Higher order epistasis and fitness peaks

TL;DR

This paper analyzes the impact of higher order epistasis on evolutionary fitness landscapes, revealing that it significantly influences the number of peaks and the structure of fitness graphs in 4-locus systems.

Contribution

It provides a comprehensive characterization of fitness graphs that imply n-way epistasis using a novel partition property based on Hall's marriage theorem.

Findings

81% of fitness graphs imply 4-way epistasis

9% of all 4-locus fitness graphs imply 4-way epistasis

Identified all fitness graphs with 6 or more peaks

Abstract

We show that higher order epistasis has a substantial impact on evolutionary dynamics by analyzing peaks in the fitness landscapes.

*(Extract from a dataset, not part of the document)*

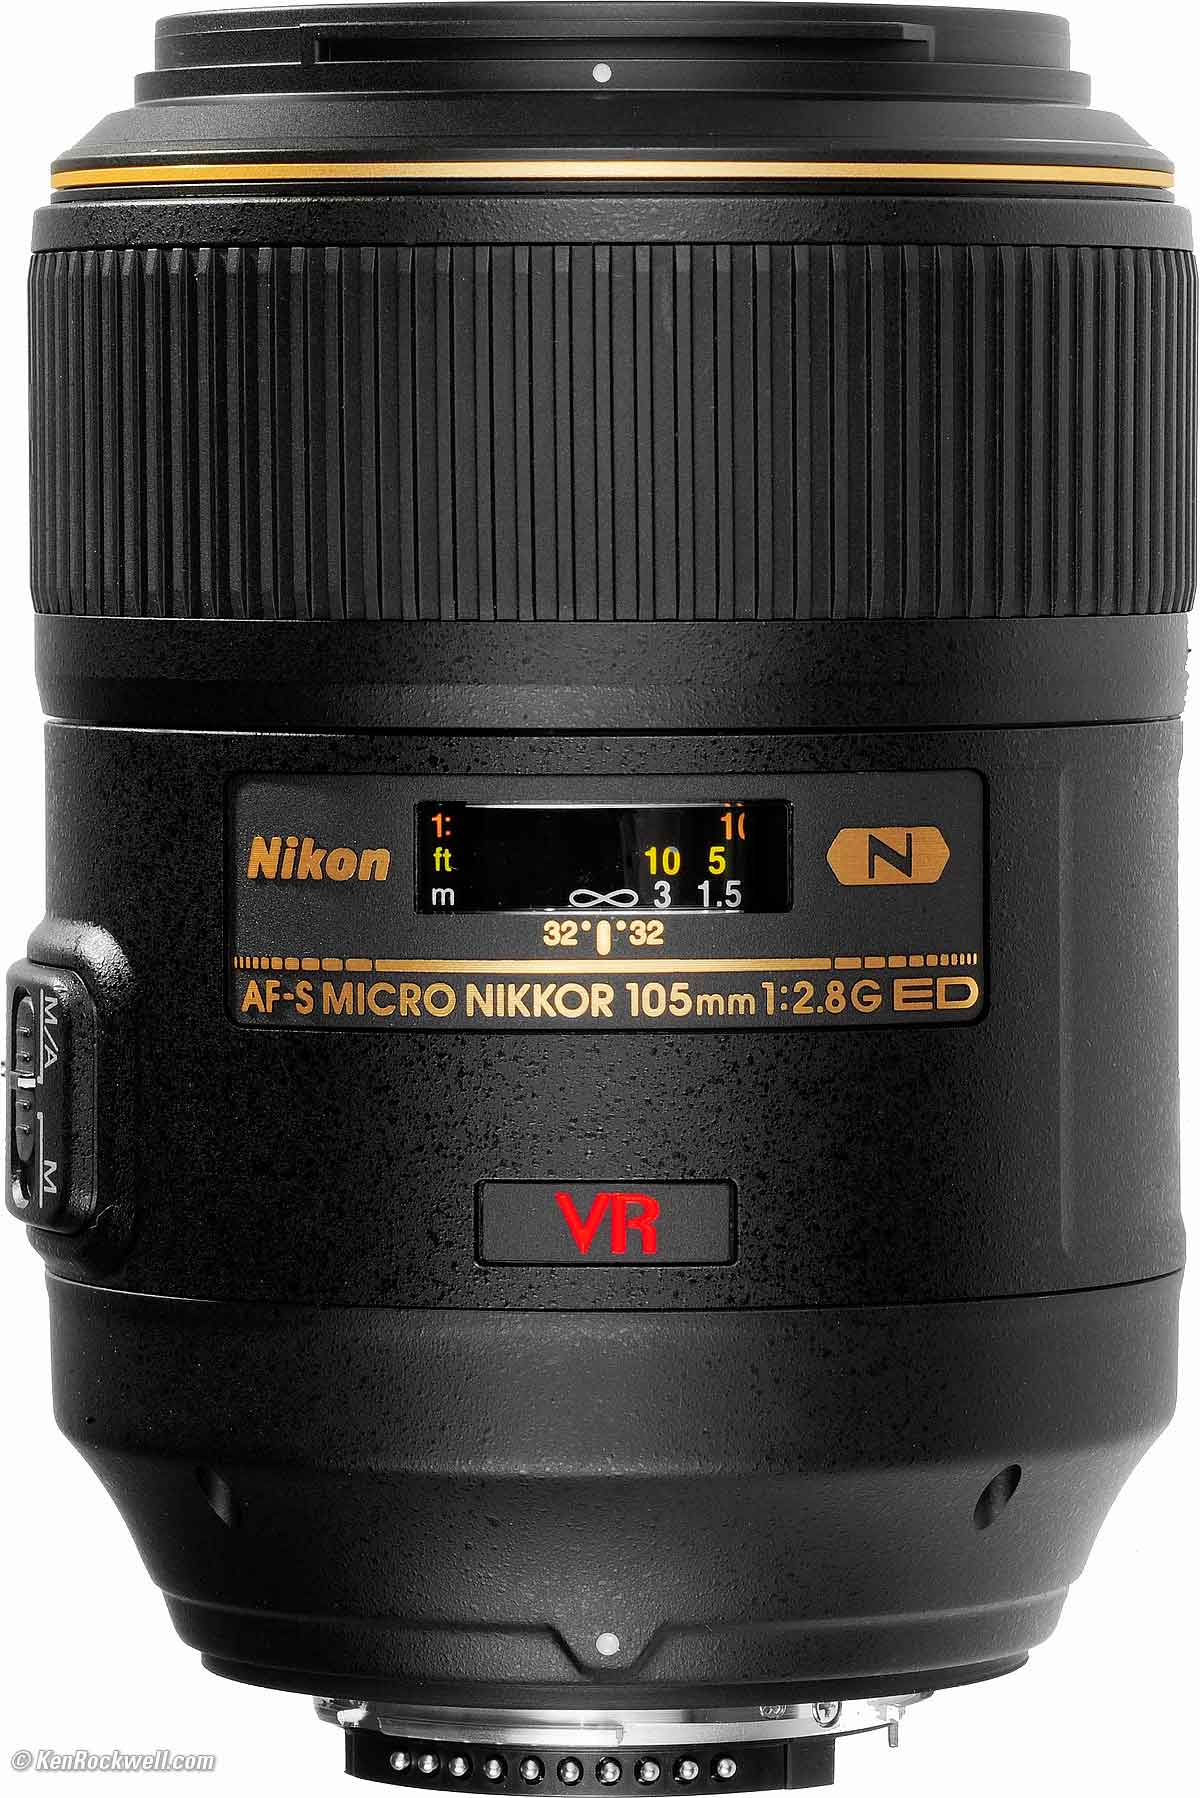 Nikon 105mm f/2.8 VR Review
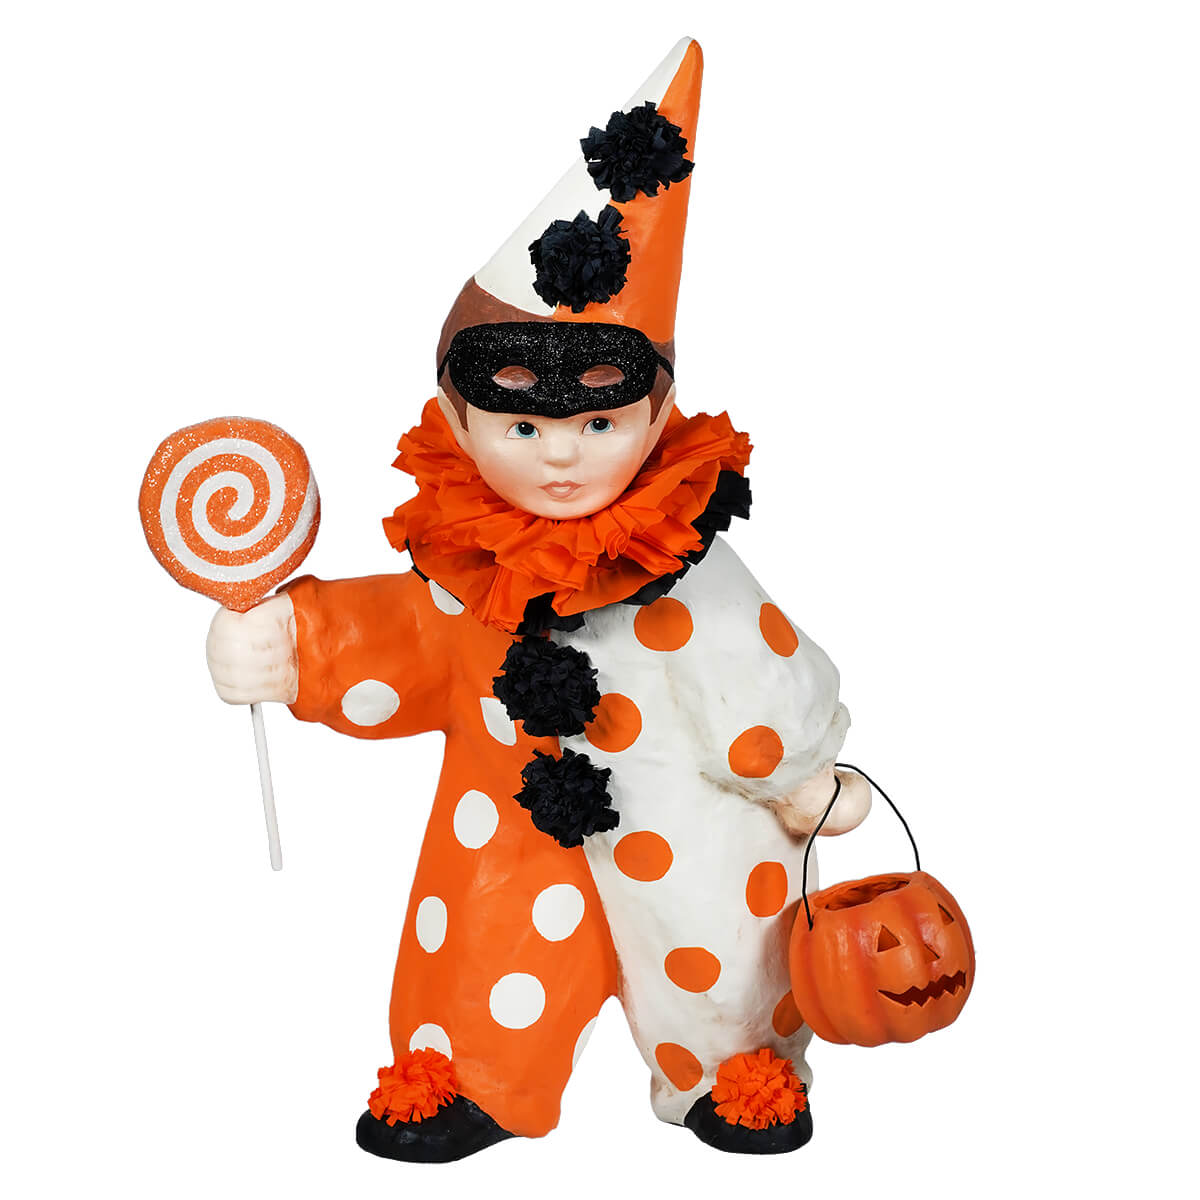 Joyful boy in vampire costume carving pumpkin, Halloween masquerade,  entertain, Stock image

There are 193,270,310 fitness graphs, or cube orientations, for 4-locus systems, distributed on 511, 863 isomorphism classes. We identify all fitness graphs with 6 or more peaks. 81 percent of them imply 4-way epistasis, whereas 9 percent of all 4-locus fitness graphs imply 4-way epistasis. Fitness graphs are useful in that they reflect the entire collection of fitness landscapes rather than focusing on a particular model. Our results depend on a characterization of fitness graphs that imply $n$-way epistasis. The characterization is expressed in terms of a partition property that can be derived from Hall's marriage theorem for bipartite graphs. A similar partition condition holds for any partial order. The result answers an open problem posed at a conference on interactions between algebra and the sciences at the Max Planck institute.